A high school football coach in Illinois has made a miraculous recovery from being “clinically dead” for 12 minutes earlier this summer. Some six weeks later, he’s back on the field and is expected to be on the sidelines for his team’s season opener Friday.
As reported by Chicago ABC affiliate WLS, Oak Park & River Forest (OPRF) coach John Hoerster suffered a major heart attack while on vacation with his family in North Carolina. The incident included a 12-minute span when his heart was legally stopped, meaning he was clinically dead before being brought back to life.

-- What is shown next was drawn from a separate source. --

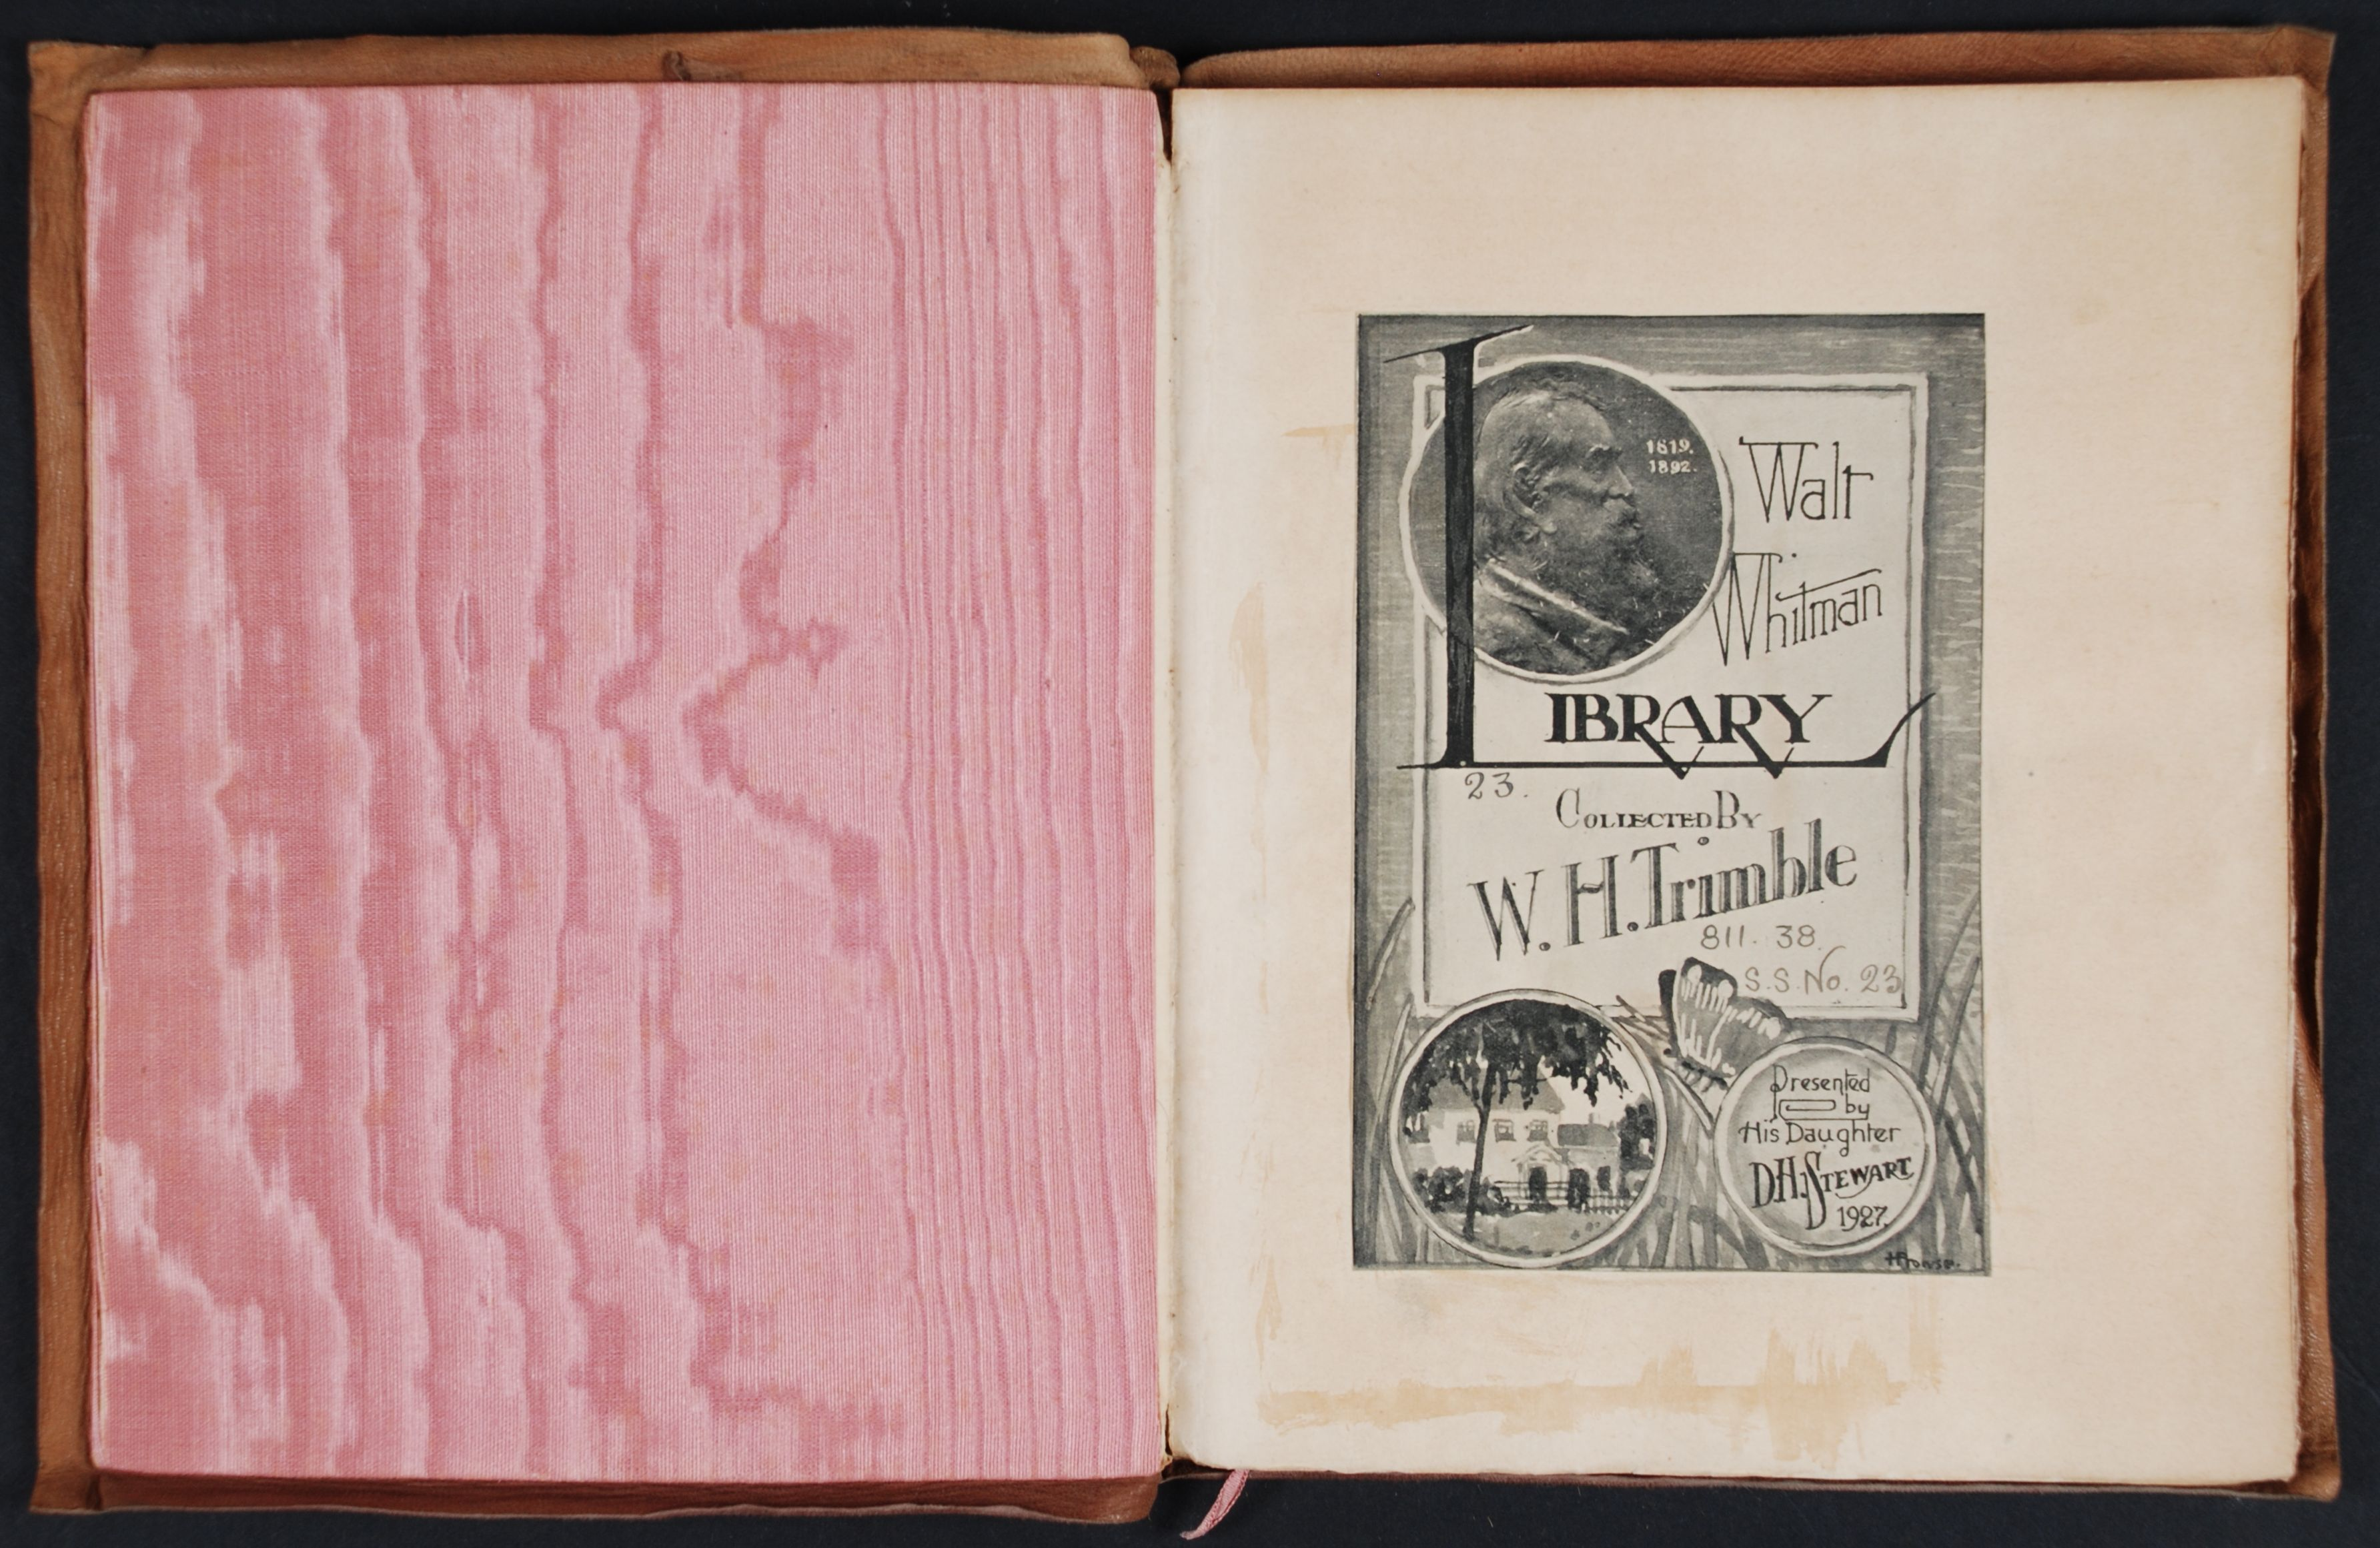 Walt Whitman. Song of Myself. New York: Roycrofters, 1904.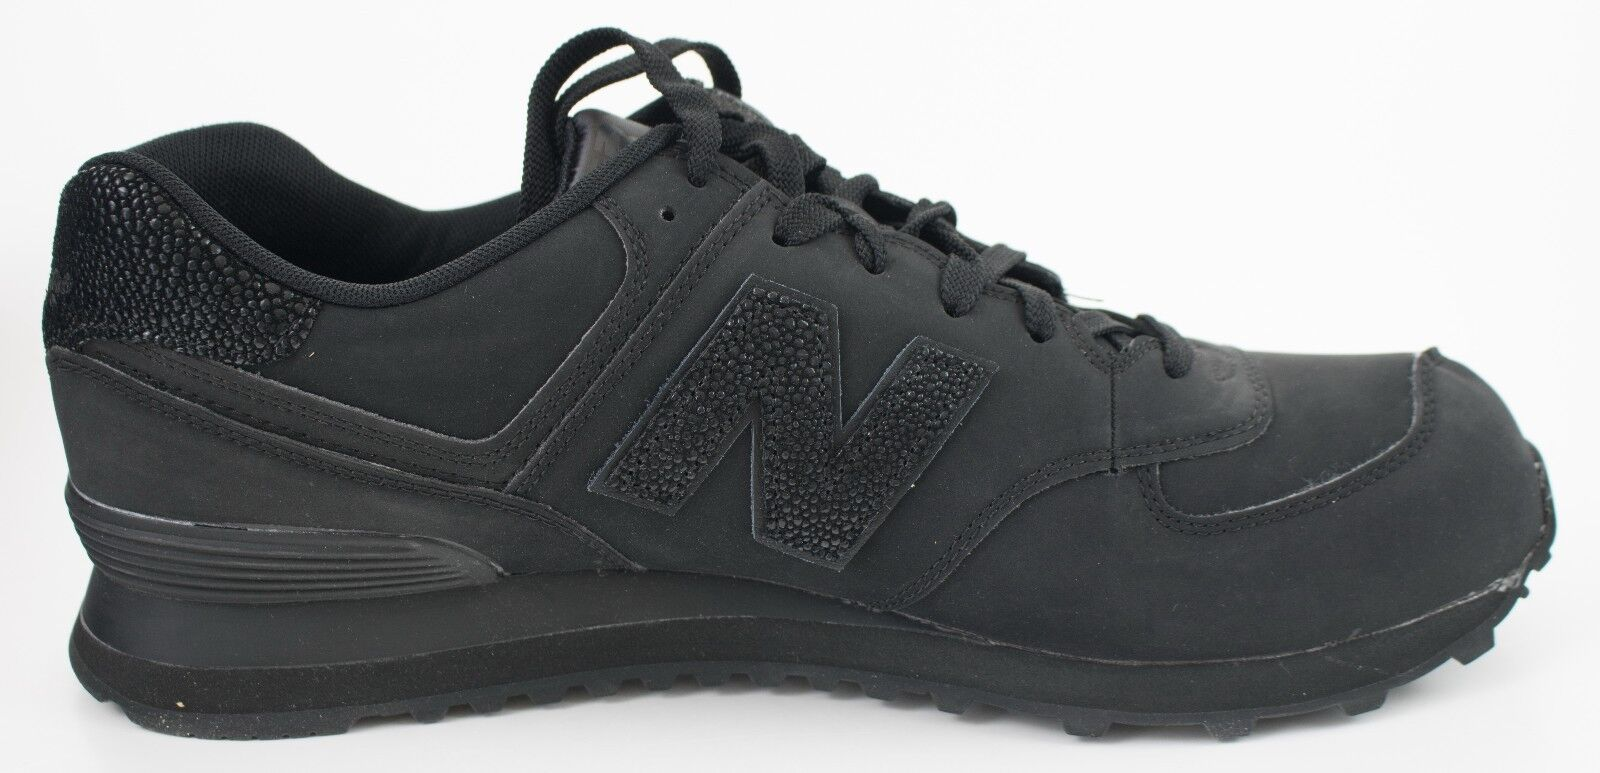 NEW BALANCE MENS ML574BEX CLASSICS Sneakers Sz 8 1/2 #GB5

Luckily, the cousin-in-law of Hoerster’s wife is trained in emergency life-saving techniques and sprang into action when the coach collapsed, performing CPR until medical help arrived. Hoerster was airlifted to a local hospital where he was treated and, somehow, made a complete recovery.
“The frightening part of the incident I didn’t have to experience,” Hoerster told WLS. “It was afterward, and seeing everybody and talking to people and kind of understanding the gravity of the situation when it kind of sunk in.
“I went down in a great place where I had people around me who knew CPR and were able to start it right away, because that really is the key to surviving this.”
The family member who performed the life-saving intervention said he was prepared, then just let his instincts take over.
“I was absolutely in the moment. I don’t even remember what I was thinking,” Matt Giffhorn told the Oak Park Pioneer Press. “I sort of just started doing what I knew how to do.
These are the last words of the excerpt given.